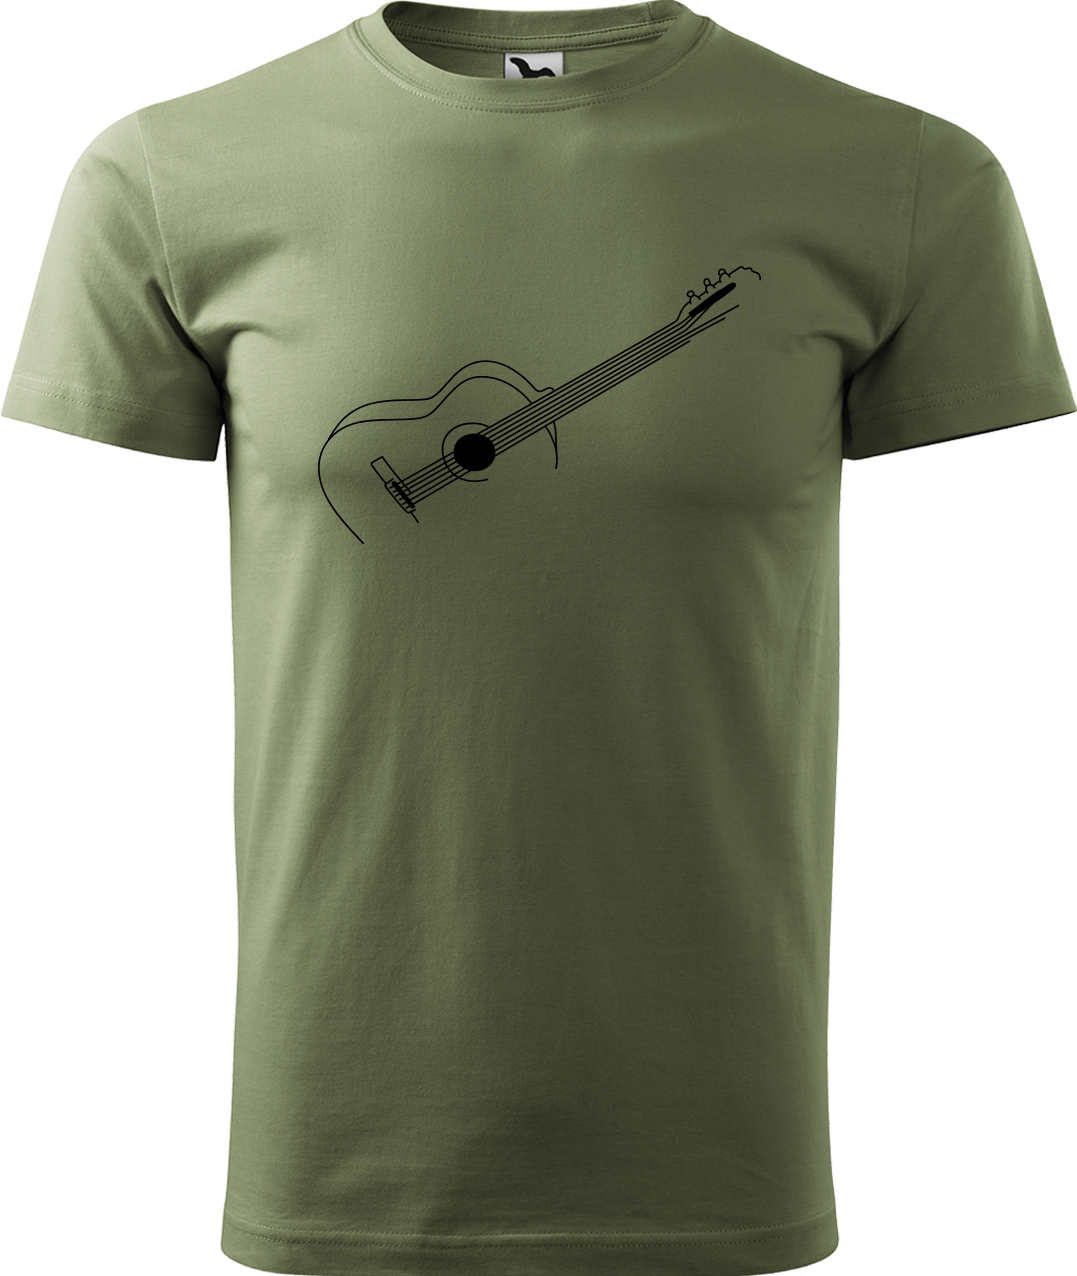 Pánské tričko s kytarou - Stylizovaná kytara Velikost: XL, Barva: Světlá khaki (28), Střih: pánský
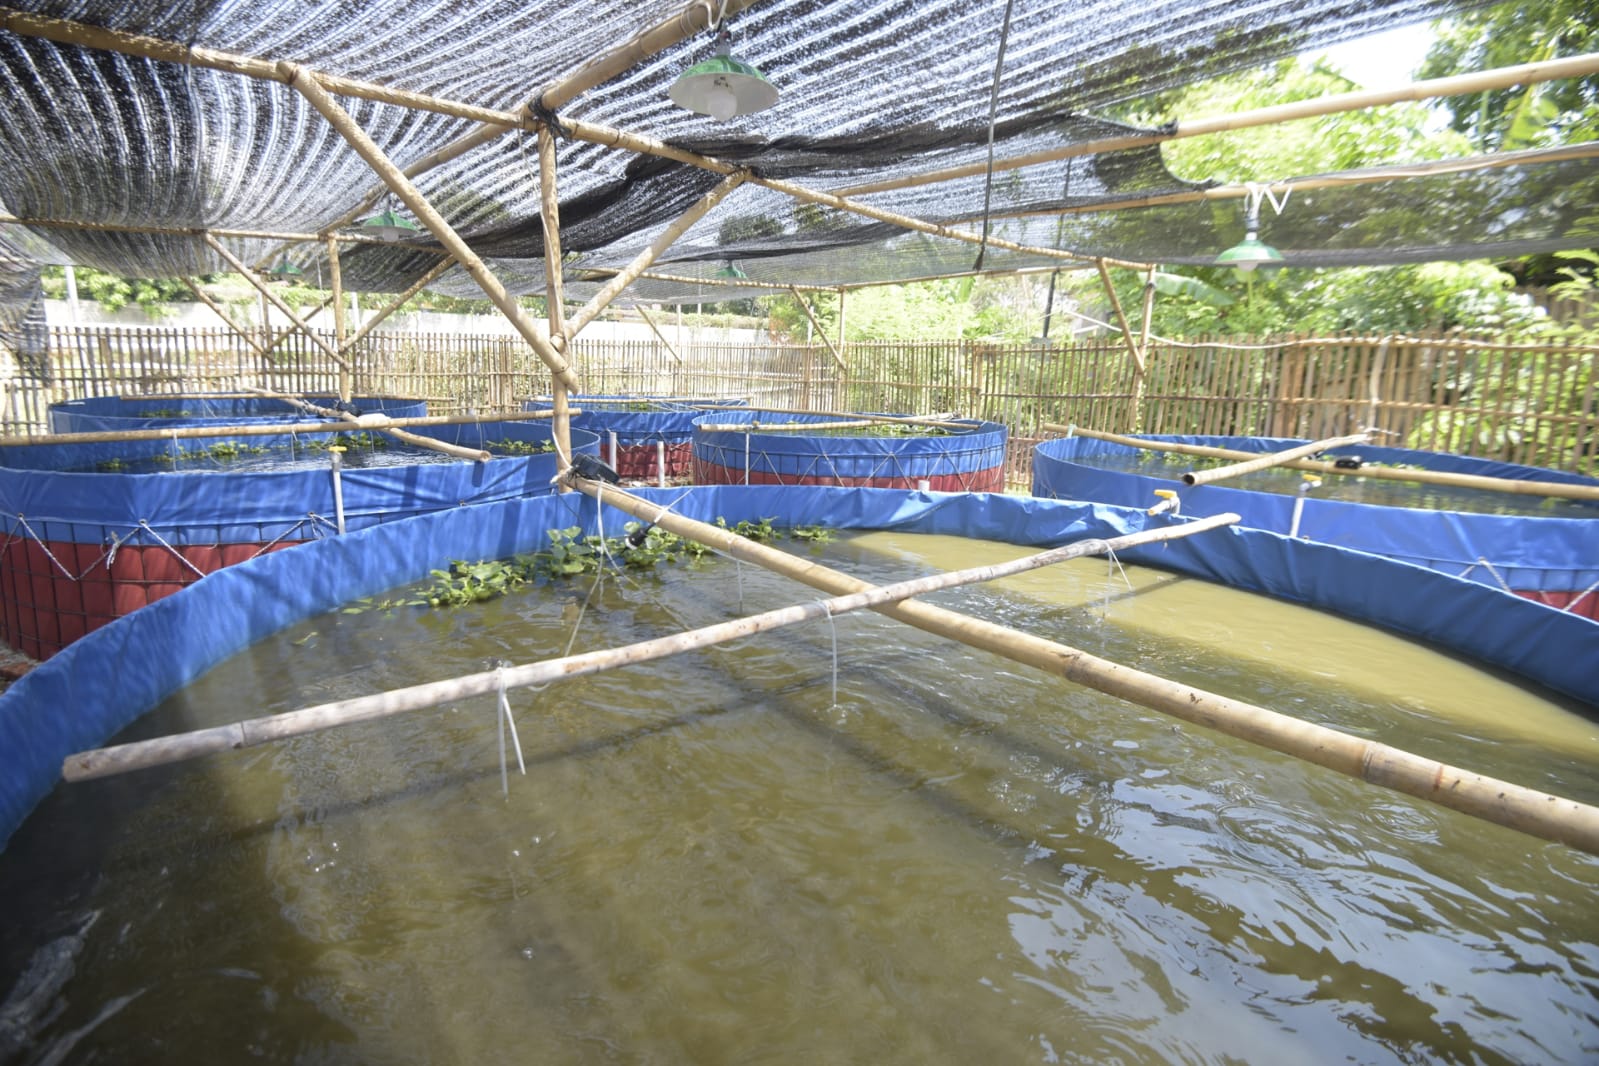 Resmikan Budidaya Ikan di Cirebon, Wagub Uu: Tingkatkan Ekonomi Pesantren Lewat OPOP
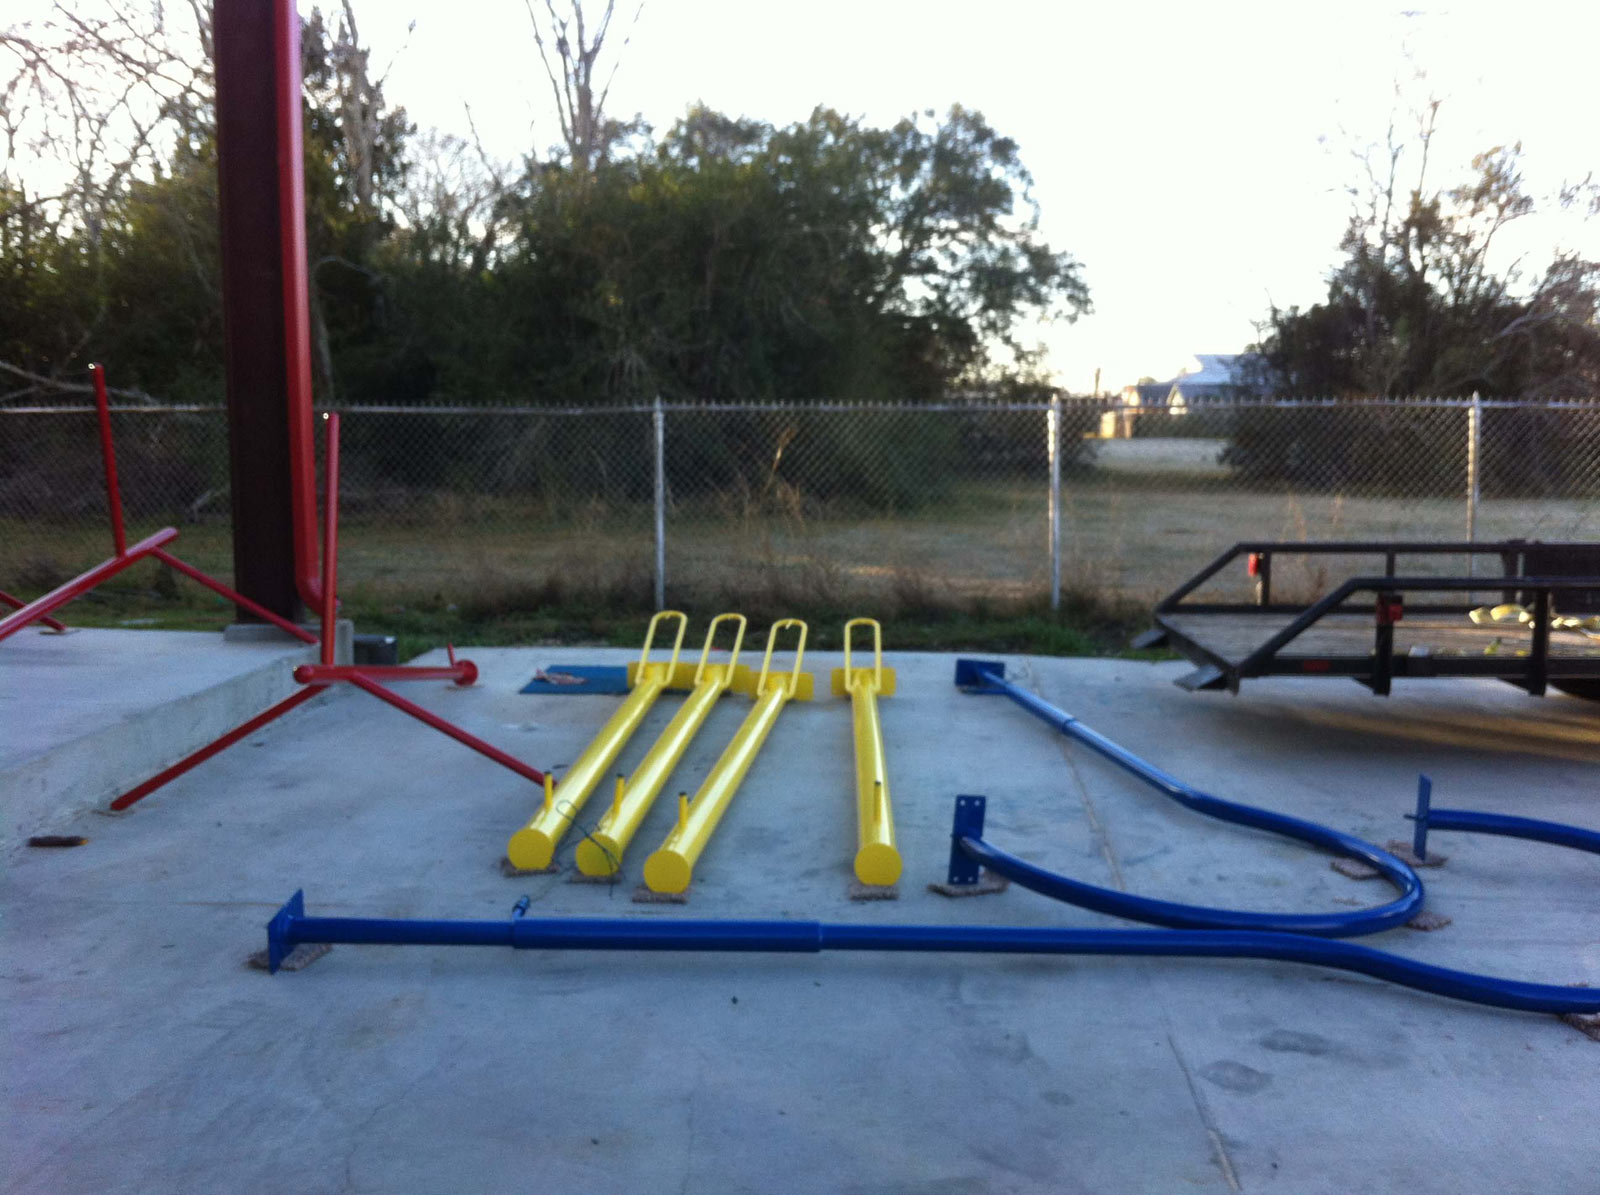 Powder coated metal playground equipment.

Task details:
What you need to retype is every line from the one that has "Resmikan Budidaya Ikan" through the last line of the listing, both included, with the pictures left out.

Exercise answer:
 Resmikan Budidaya Ikan di Cirebon, Wagub Uu: Tingkatkan Ekonomi Pesantren Lewat OPOP
 Powder coated metal playground equipment.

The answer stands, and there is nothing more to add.